The manga is set in a nondescript prefecture in Japan’s countryside near Amigara Mountain, where a fault is discovered near the epicenter of a recent earthquake. The clamor surrounding the incident quickly turns from shock to intrigue, as the fault exposes human-shaped holes in the mountainside that look uncannily like the silhouettes of certain villagers. Witnesses of this strange phenomenon feel inexplicably compelled to visit the fault themselves. Eventually, an onlooker climbs into the hole shaped like his silhouette and disappears, his fate uncertain as rescue workers search for him.
When the villager is found, readers are immediately gripped by the grotesque image of a contorted humanoid. The person who stepped into the hole has bent, stretched and unraveled beyond recognition. The illustration itself was portrayed in sickly vivid detail, and each pen stroke expressed the character’s extreme pain. Beyond the immediate response to the graphic panel, however, the idea of being confined in a claustrophobic space makes readers feel like they are trapped within the tunnel’s restrictive walls.
The chilling image haunts readers long after they put down the manga, and the horrific realization that we are, in a metaphorical sense, contorting ourselves to fit societal expectations every day, is the most psychologically disturbing aspect of this story.
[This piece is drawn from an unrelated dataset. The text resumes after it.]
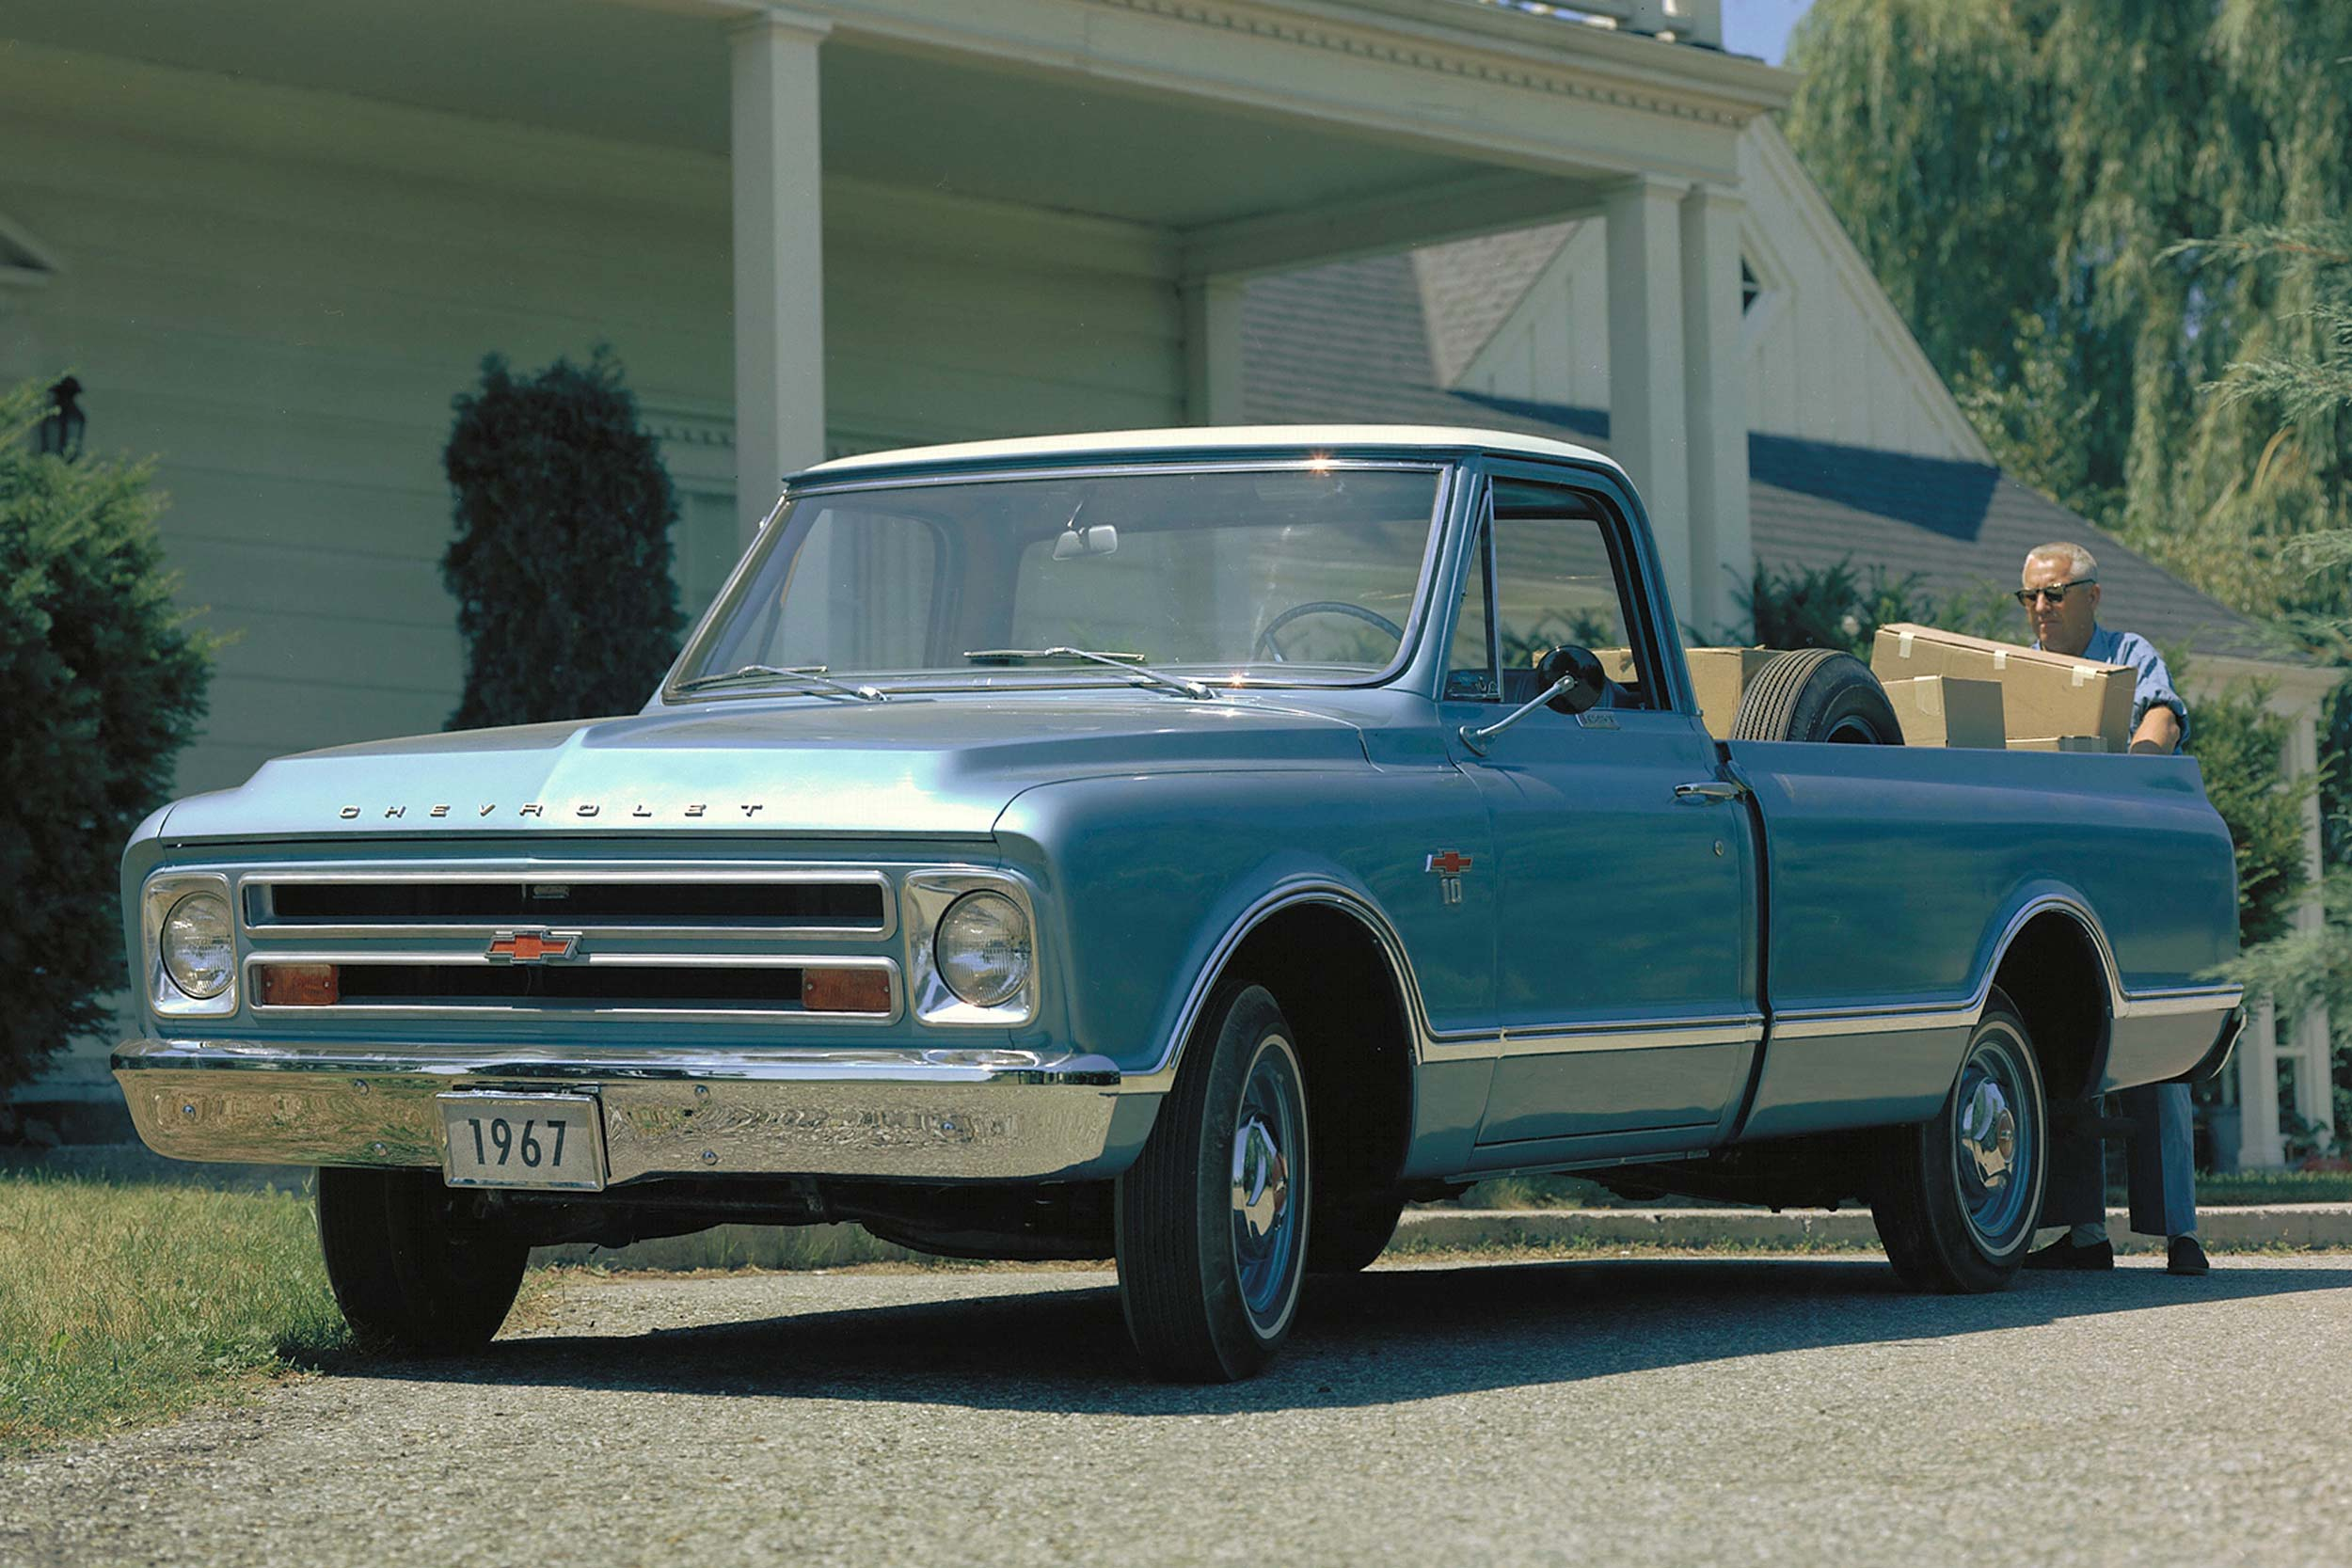 1967 Chevrolet C10 Series Half Ton Pickup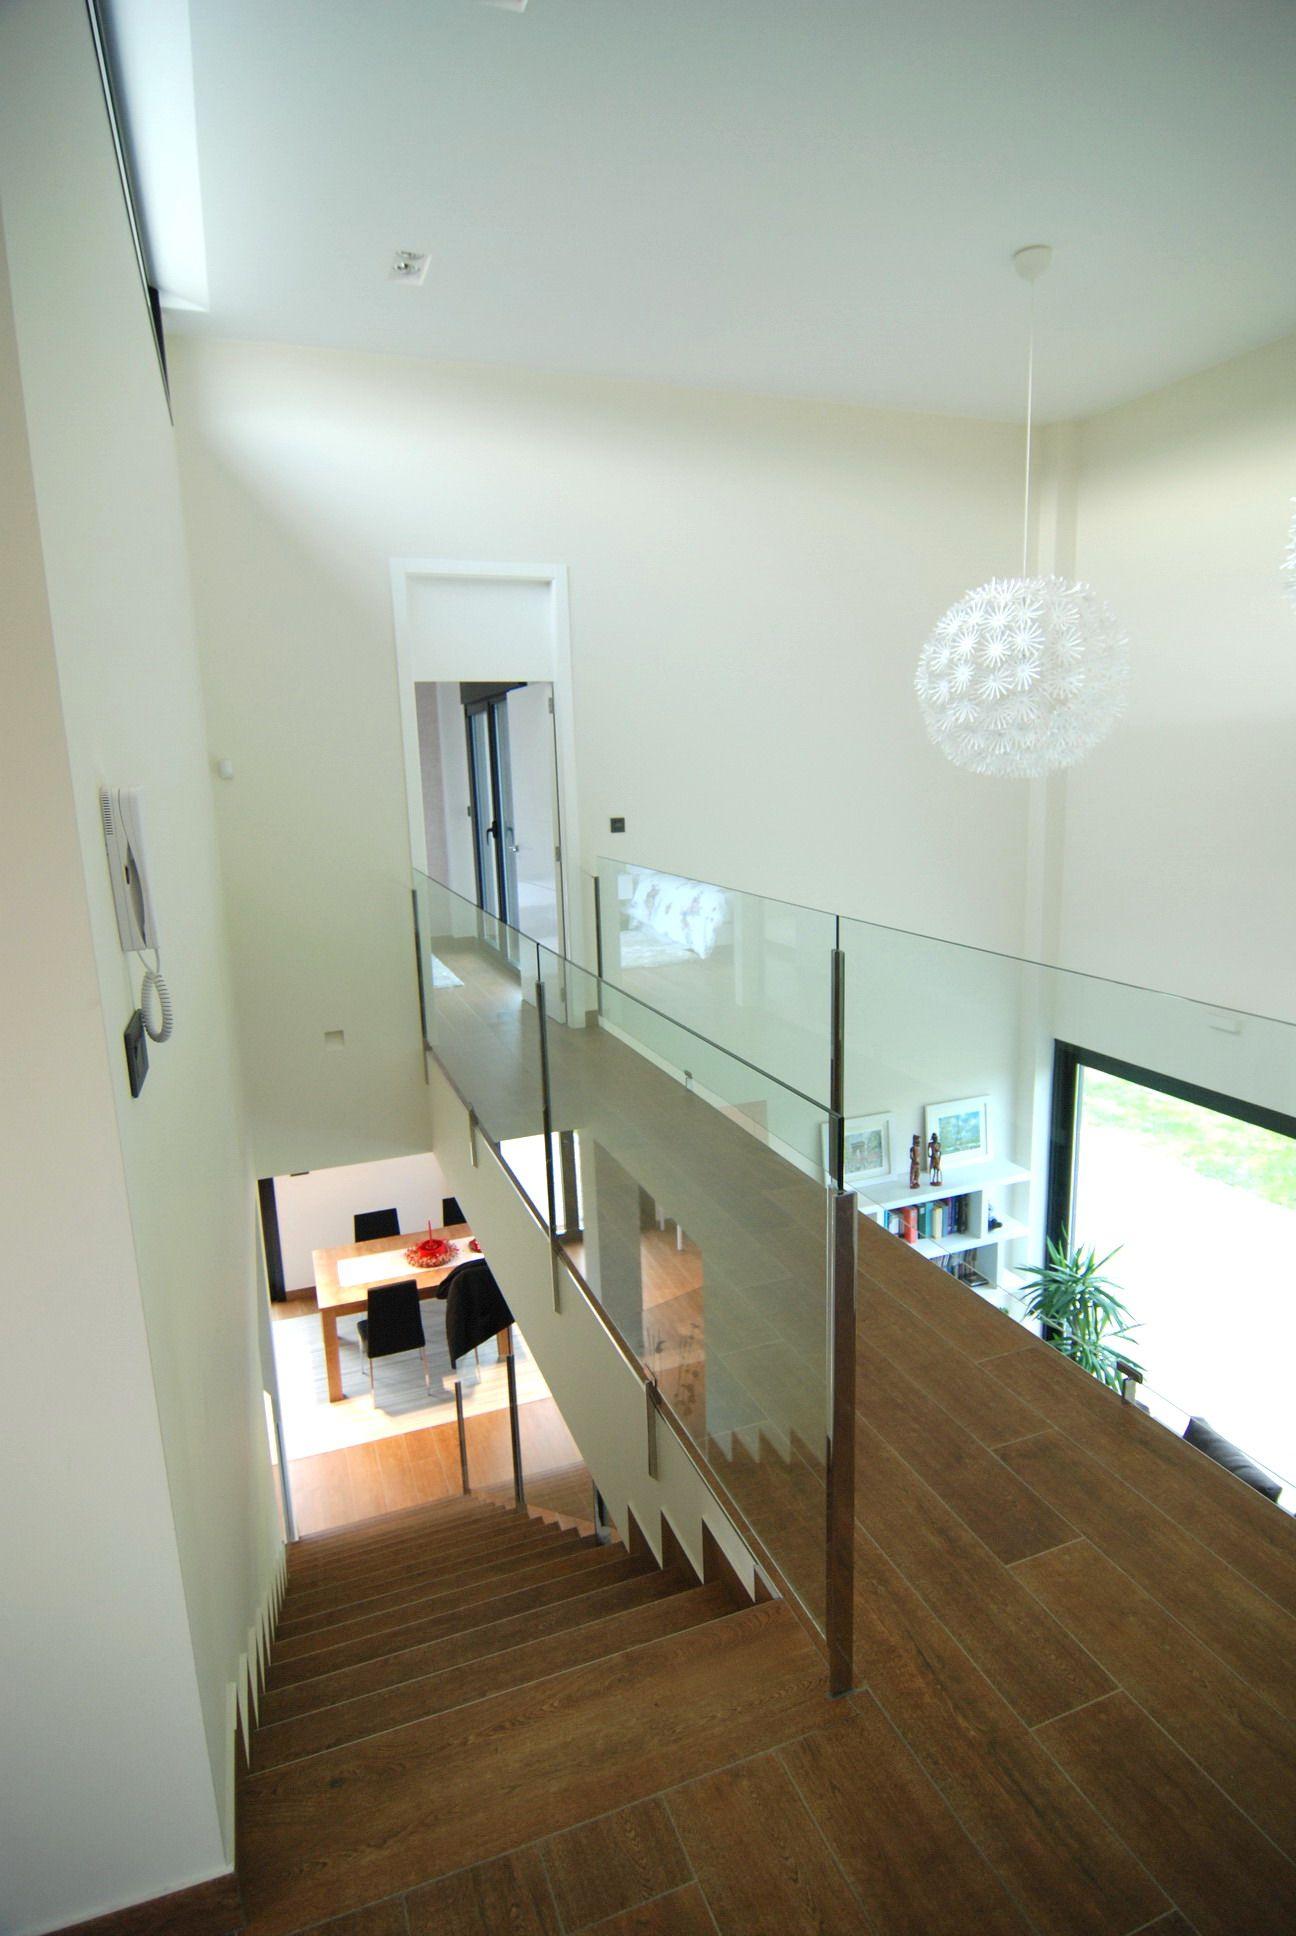 Escalera desde arriba con espacio a doble altura del - Salon doble altura ...

We’re left reflecting on our own self-image, contemplating the ways we’ve repressed or changed ourselves to please others. Do we still recognize our reflections? Do we like the people we’ve become? Or, have we lost control over the circumstances around us and their influence on our lives? The manga turns the insidiously gradual loss of identity into a physical manifestation.
By shining a light into the tunnels we dig for ourselves, “The Enigma of Amigara Fault” holds a mirror up to our own lives, allowing us to see the ways we are falling into the holes of our own fate and empowers us to take the reins on reshaping our own futures. The greatest enigma may be understanding the ways in which we trap ourselves and remembering how we can still reclaim control over our lives.